Palestinian Authority President Mahmoud Abbas has reportedly sent a note to Israeli Prime Minister Benjamin Netanyahu, warning that Palestine now feels free to stop security cooperation with the regime as part of the Oslo accords, which are “disavowed” by a contentious US-devised Middle East plan.
Israel’s Channel 12 TV reported, on Wednesday, that a Palestinian Authority delegation, led by Civil Affairs Minister Hussein al-Sheikh, had met with Israeli Finance Minister Moshe Kahlon and handed him a handwritten letter, in Arabic, from Abbas to Netanyahu.

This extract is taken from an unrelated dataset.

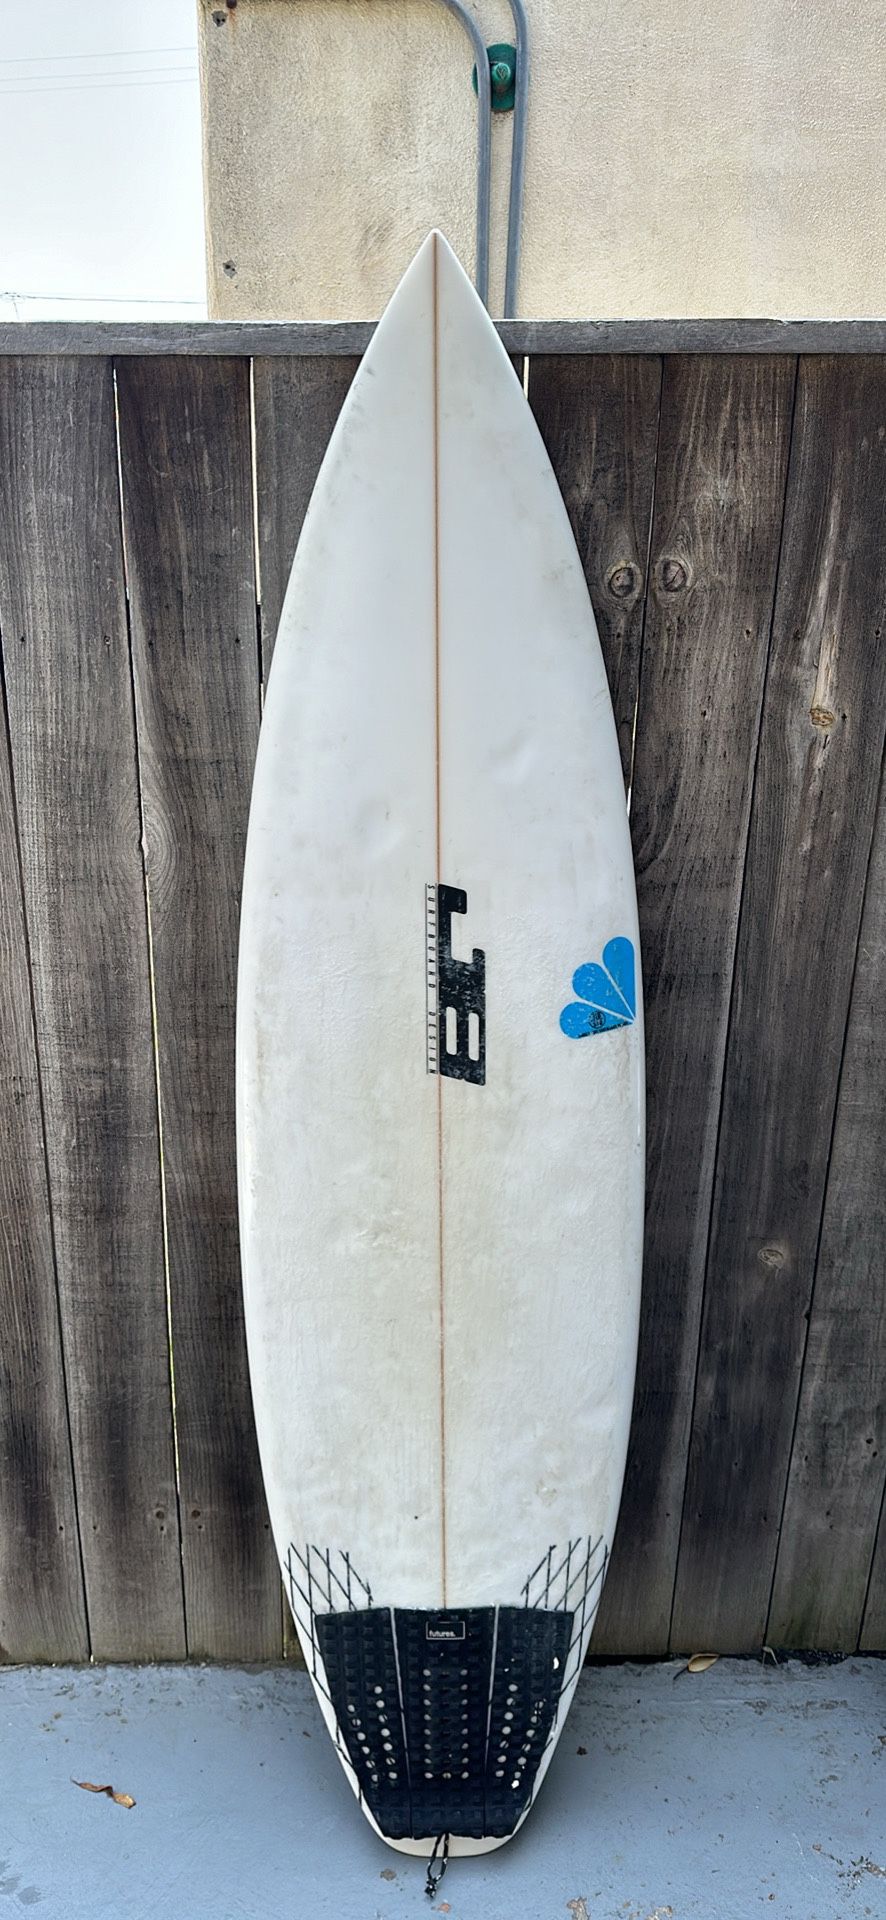 6’3” Surfboard - JB Surfboard Design - Apple model - 32.4L

In his note, the report said, Abbas stressed that the plan US President Donald Trump unveiled on Tuesday, as a proposed solution to the Israeli-Palestinian conflict, disregards the 1993 Oslo accords that divided the West Bank into areas under Israeli, Palestinian and joint controls.
“The plan is an American and Israeli disavowal of the Oslo accords, and so the Palestinian Authority now sees itself as free to disregard the agreements with Israel, including security cooperation,” the report quoted the letter as saying, according to the PNN.
The Palestinian president wanted to inform Israel of his position before he traveled to Cairo to attend an urgent meeting of the Arab League on Trump’s so-called “deal of the century,” according to the report.
Sheikh told Kahlon that Abbas had not only refused to take a call from Trump ahead of the release of his Mideast deal, he had also refused to accept a letter the US president had sent him.
Kahlon, for his part, told Sheikh that he would hand Netanyahu the letter when the Israeli premier returns from a trip to Russia, on Thursday.
The Israeli finance minister also asked Palestinians to temper their response until after Israel’s general elections, in March, claiming that everything could change after the vote.
Trump released his proposed deal during an event at the White House alongside Netanyahu, in Washington, on Tuesday.